Currently the only "group" signed up is this forum, but after I do sufficient testing I will open it up for people to create their own groups.

So, to shop to benefit the forums (and help me test out this system) the URL is

http://www.mysmartsponsor.com/?site=1

Thanks.

----------


## RunsWithDeer

Says site not yet open when I go to the posted URL.

----------


## Justin Case

> Says site not yet open when I go to the posted URL.


It works for me,,      It looks like this,,,  (screen shot)

----------


## RunsWithDeer

Working now for me, not sure what was up earlier.

----------


## Chris

IF you went to the domain by itself it'd say that.

It needs the ?site=1 at the end to tag this site as the sponsor and to set a cookie on your computer (likewise, if you block cookies, it won't work). 

I will be continuing to add stores to it as I go.

----------


## LowKey

The first time you go, even with the 1, it says it's not up yet.
The second time, it's fine.

Need more Outdoor stores!  :Smile:

----------


## Chris

Really... hmm I will need to look into that.

----------


## Rick

Chris, it looks like its associated with setting the cookie. If I clear  cookies and go then it says it's not open. Once the cookie is set then I  can see the site.

----------


## Justin Case

I seen it the first time with the link in post 1,,  maybe its a browser thing ? i use Firefox,

----------


## Rick

Ditto on Firefox. Go to Tools and Clear Recent History including cookies. Then go to the site. I'll bet it says it's not ready. Bet ya, bet ya, bet ya.

----------


## Justin Case

> Ditto on Firefox. Go to Tools and Clear Recent History including cookies. Then go to the site. I'll bet it says it's not ready. Bet ya, bet ya, bet ya.

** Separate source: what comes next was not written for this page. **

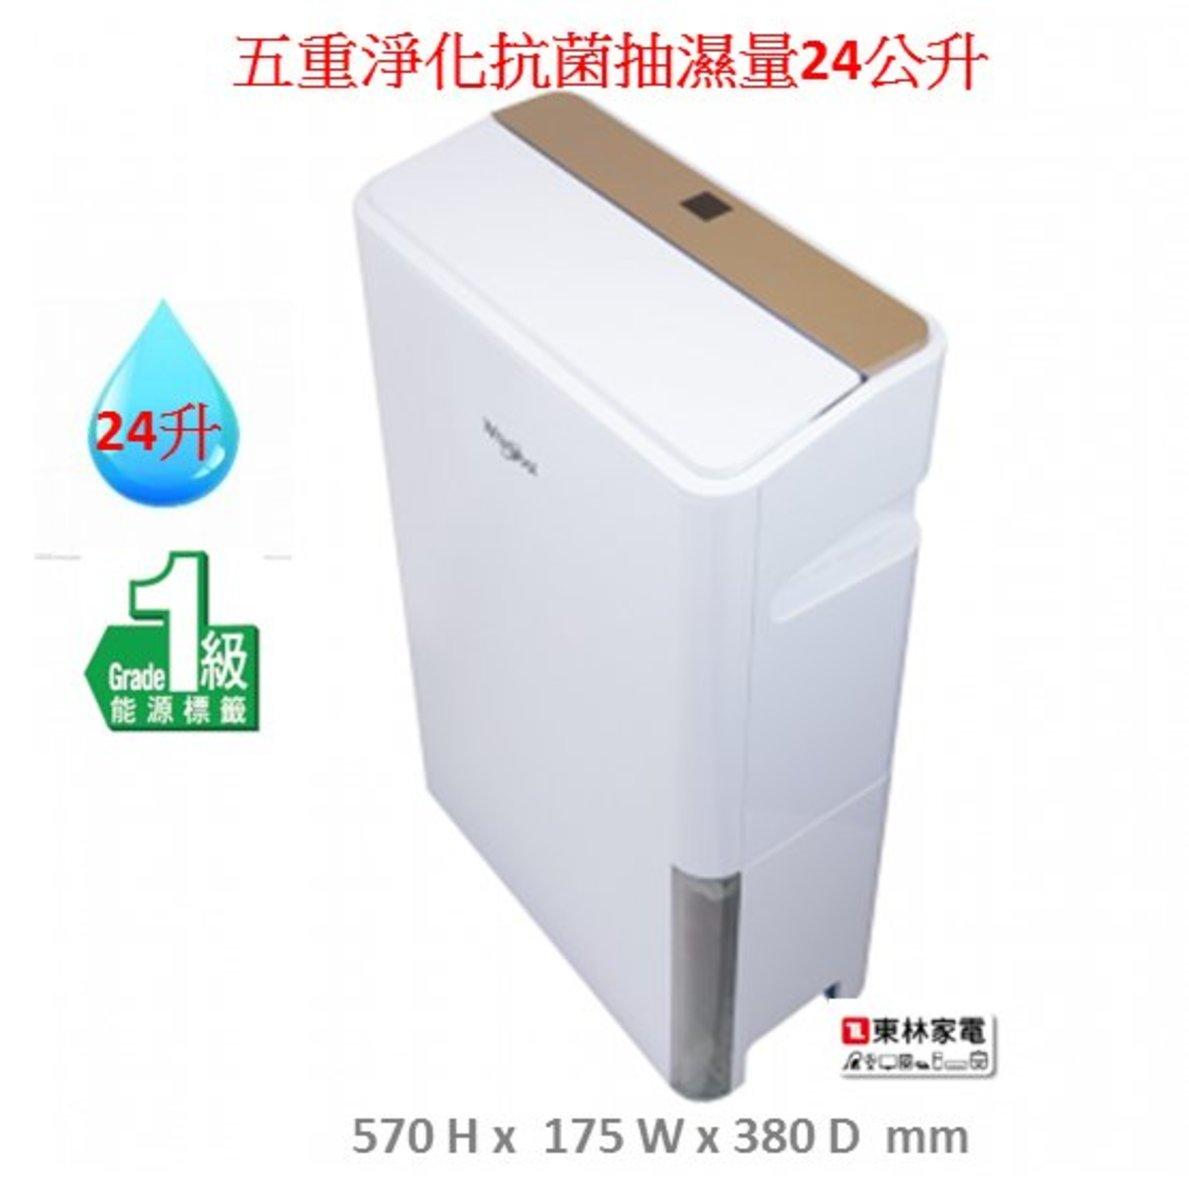 2合1, Pro抽濕淨化機, 24公升DS-241HW
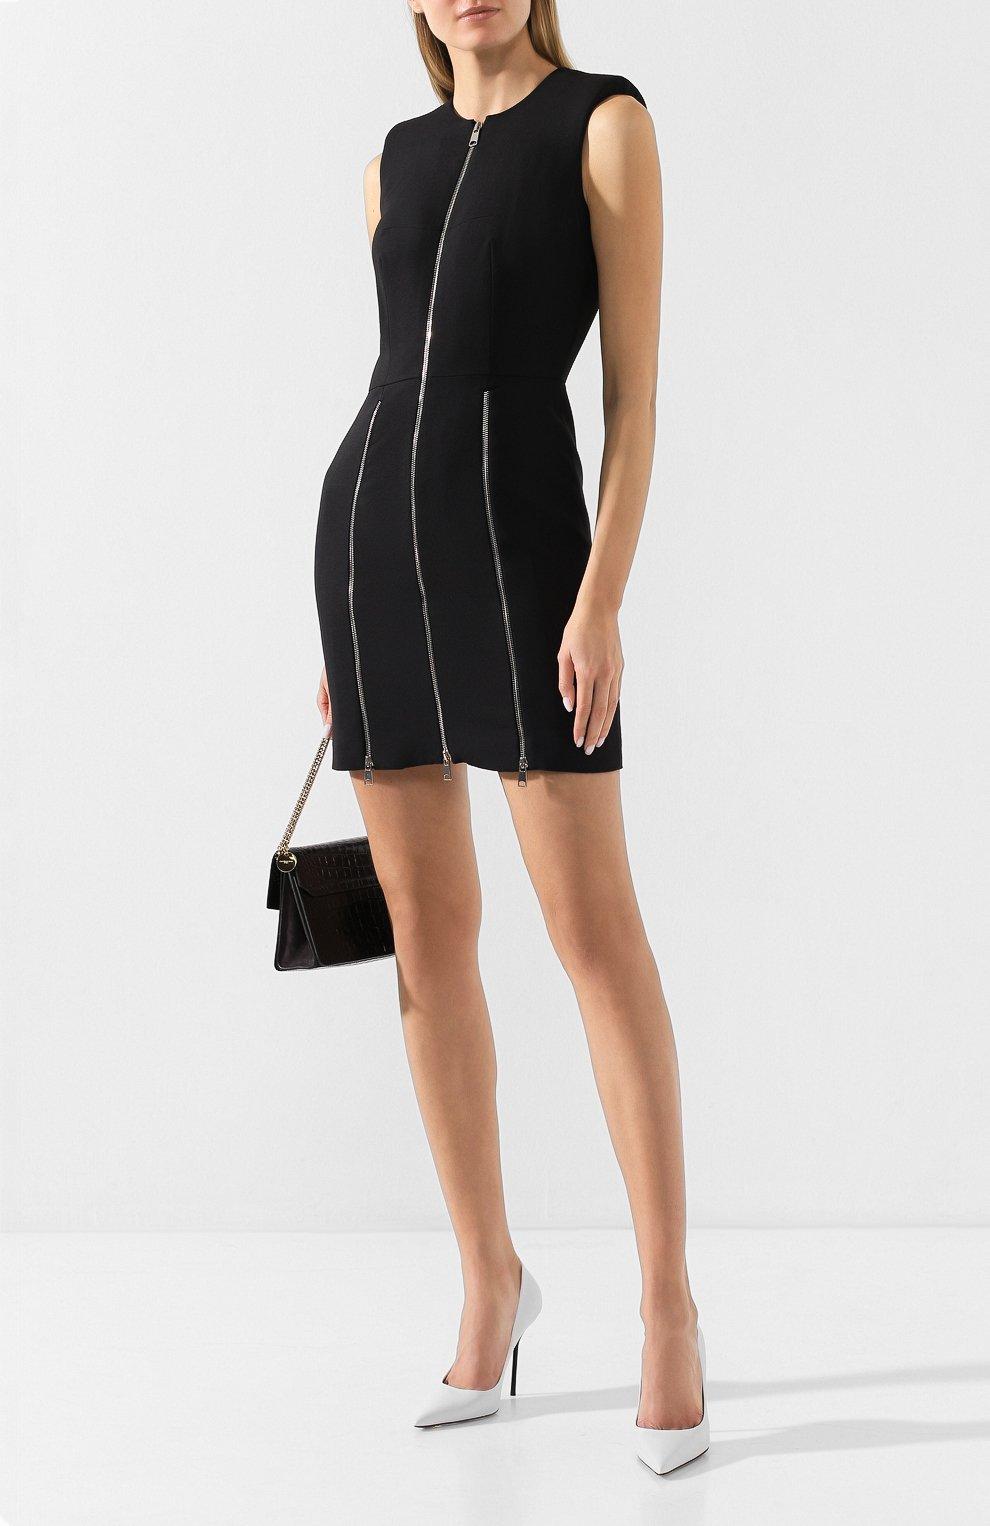 Платье из смеси шерсти и шелка | Фото №2

Nope,,  I just cleared everything and even got bumped from the forum and it still worked fine,,

----------


## Justin Case

OOPS !  My bad,,  you are right Rick,,  It does say "not ready" now,  i was expecting a 404 screen,, But, as soon as i logged back into WSF it works fine,,,  I wonder if it could be related with some of the problems Poco had awhile back with "Forums Read"?

----------


## Chris

No, I know what the problem is.

I'm trying to set the cookie and then read the cookie on the same page load, but apparently I can't do that. So I need to set the cookie and they code an exception to the reading if it is the first page load. No big deal.

----------


## Rick

Yeah, what he ^^^^ said.

----------


## beetlejuicex3

> Many moons ago someone suggested they wanted to help the forums out, and thought to click on the ads. I said thank you, but please only click on ads that interest you, otherwise it is clickfraud and isn't going to help anyone. So instead I created the forum shopping mall, where clicking and shopping can be encouraged.
> 
> This was such a good idea I thought that maybe I could turn it into a centralized service able to be used by other sites or organizations, so I did.
> 
> MySmartSponsor.com allows anyone with a group, any sort of group, a forum, a nonprofit, a softball league, a gaming clan, an athletic club, any sort of group, to create an account and then refer people to the site who can then shop on behalf of the group, earning kickbacks to the group.
> 
> I just finished it today, well, not really finished it, but it is barely functional, so it is ready for use.
> 
> Currently the only "group" signed up is this forum, but after I do sufficient testing I will open it up for people to create their own groups.
> ...



This is a terrific idea.  Innovative.

----------


## Ken

Big grin.   :Big Grin:

----------